Contents:
Copyright (C) 1998,1999,2000 Data Exchange Associates, Inc.
This program is free software; you can redistribute it and/or modify it under the terms of the GNU General Public License as published by the Free Software Foundation; either version 2 of the License, or (at your option) any later version.
This program is distributed in the hope that it will be useful, but WITHOUT ANY WARRANTY; without even the implied warranty of MERCHANTABILITY or FITNESS FOR A PARTICULAR PURPOSE. See the GNU General Public License for more details.
You should have received a copy of the GNU General Public License along with this program; if not, write to the Free Software Foundation, Inc., 59 Temple Place, Suite 330, Boston, MA 02111-1307 USA
Contact information:
Data Exchange Associates, Inc.
230 Burnt Meadow Road
Groton, MA 01450-1539
http://www.dexa.com
support@dexa.com
FormFiler is normally free of charge, and is distributed under the GNU general public license. This means that individuals and organizations, both commercial and non-commercial, may use FormFiler without charge. If you modify and redistribute it, there are certain obligations you must fulfill. See the file COPYING which came with your FormFiler distribution for the full license.

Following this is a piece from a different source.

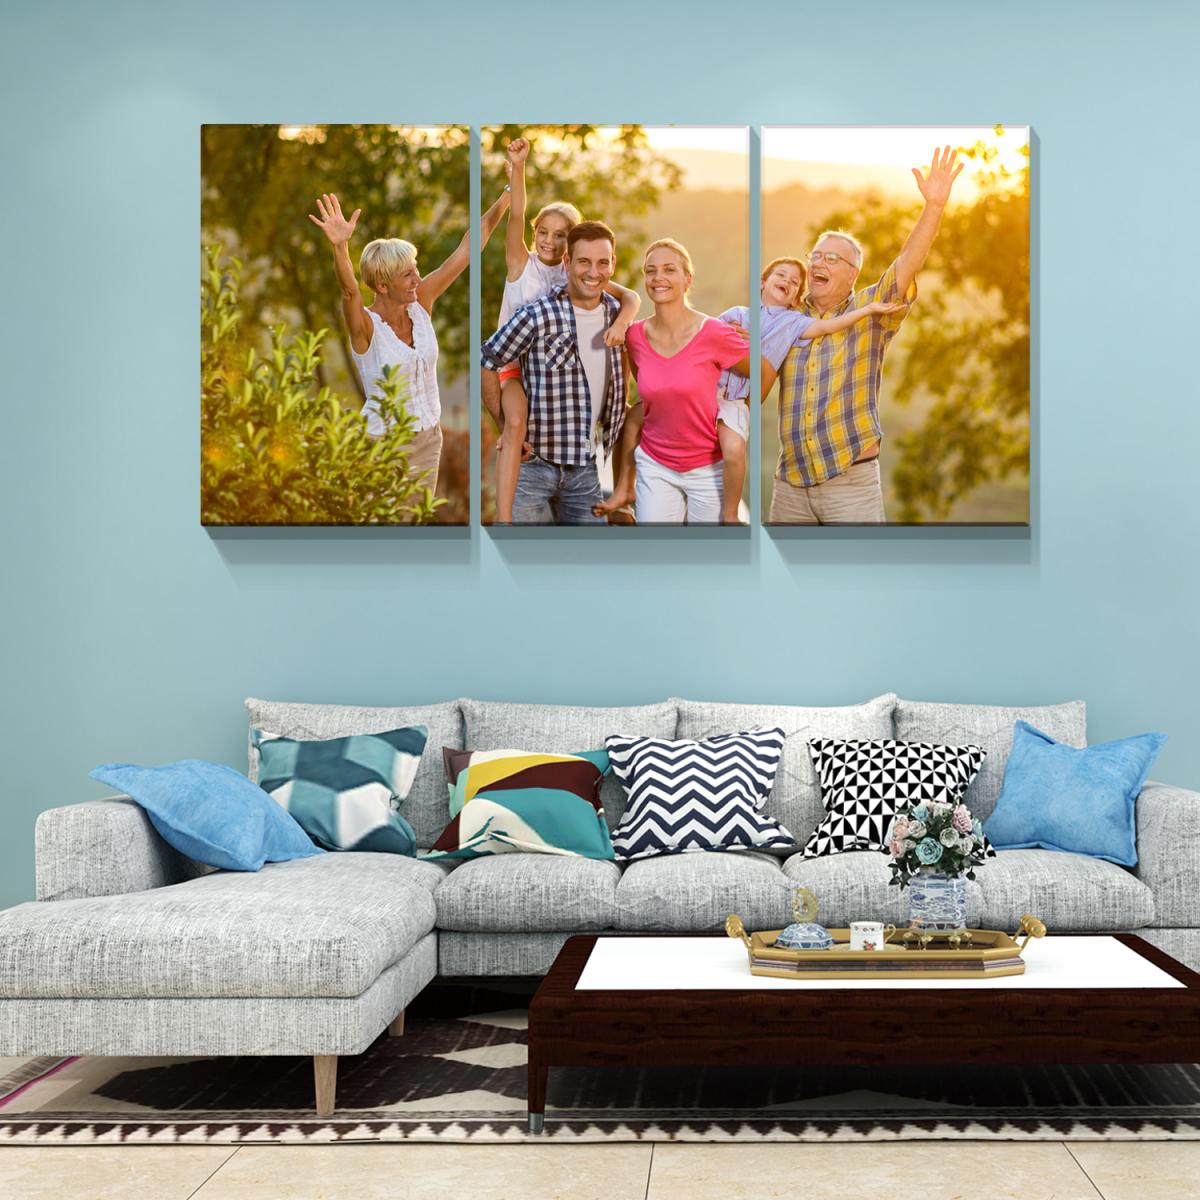 3 Panels Customize Canvas Prints with Your Photo Canvas Wall Art- Personalized Canvas Picture, Customized To Any Style,Gifts for Family, Wedding, Friends, Home Decoration,Pet/Animal

FormFiler is not guaranteed to be supported other than by
making full source code available. If it breaks you get to keep both
pieces. However, Data Exchange Associates, Inc. (DEX) sometimes
answers questions. The more concise and better researched your
question, the more likely it is to get an answer. No tutorials will be
provided. You have to learn this stuff on your own.
If
you desire expert help installing or configuring FormFiler, or enhancments
DEX can provide support at our prevailing hourly consulting rate.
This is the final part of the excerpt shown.